Compile and run the code with these commands.
Compile and Run
gcc main.c levenshtein.c -std=c11 -lm -o main
./main
I have already included the banama/banana output above so won't repeat it here. The word distance there was 1, so banana easily qualifies as a sensible suggestion if somebody mis-types banama. However, if you typed banama you wouldn't expect your word processor to suggest elephant, so let's try those two words.
Program Output = "banama" and "elephant"
---------------------------------------------
| codedrome.com - Levenshtein Word Distance |
---------------------------------------------
e l e p h a n t
0 1 2 3 4 5 6 7 8
b 1 1 2 3 4 5 6 7 8
a 2 2 2 3 4 5 5 6 7
n 3 3 3 3 4 5 6 5 6
a 4 4 4 4 4 5 5 6 6
m 5 5 5 5 5 5 6 6 7
a 6 6 6 6 6 6 5 6 7
Minimum cost of transforming "banama" to "elephant" = 7
The word distance here is 7 as banama needs to be almost completely re-typed to get to elephant.
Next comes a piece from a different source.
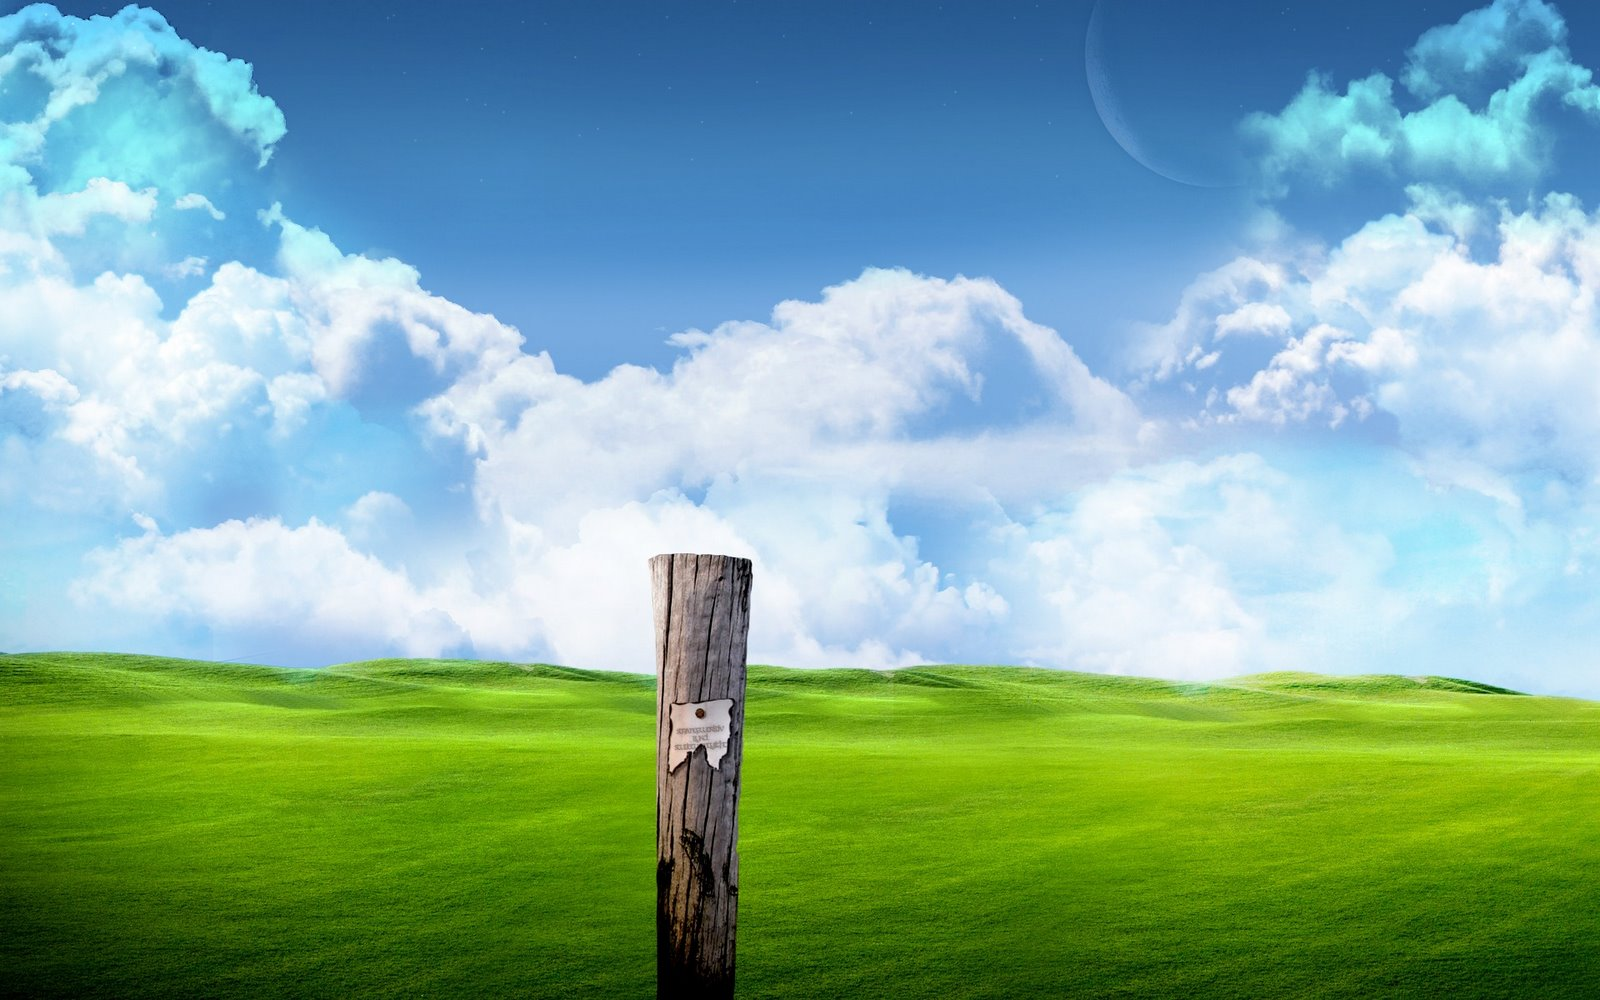 Beautiful HD Wallpapers: Beautiful Nature HD Wallpapers

Clearly not a valid alternative.
Program Output = "levinstein" and "levenshtein"
---------------------------------------------
| codedrome.com - Levenshtein Word Distance |
---------------------------------------------
l e v e n s h t e i n
0 1 2 3 4 5 6 7 8 9 10 11
l 1 0 1 2 3 4 5 6 7 8 9 10
e 2 1 0 1 2 3 4 5 6 7 8 9
v 3 2 1 0 1 2 3 4 5 6 7 8
i 4 3 2 1 1 2 3 4 5 6 6 7
n 5 4 3 2 2 1 2 3 4 5 6 6
s 6 5 4 3 3 2 1 2 3 4 5 6
t 7 6 5 4 4 3 2 2 2 3 4 5
e 8 7 6 5 4 4 3 3 3 2 3 4
i 9 8 7 6 5 5 4 4 4 3 2 3
n 10 9 8 7 6 5 5 5 5 4 3 2
Minimum cost of transforming "levinstein" to "levenshtein" = 2
Finally levinstein/levenshtein. One substitution and one insertion give us a word distance of 2, also a sensible suggestion. You would probably consider word distances of 2 or perhaps 3 to be reasonable for alternative suggestions, but no more.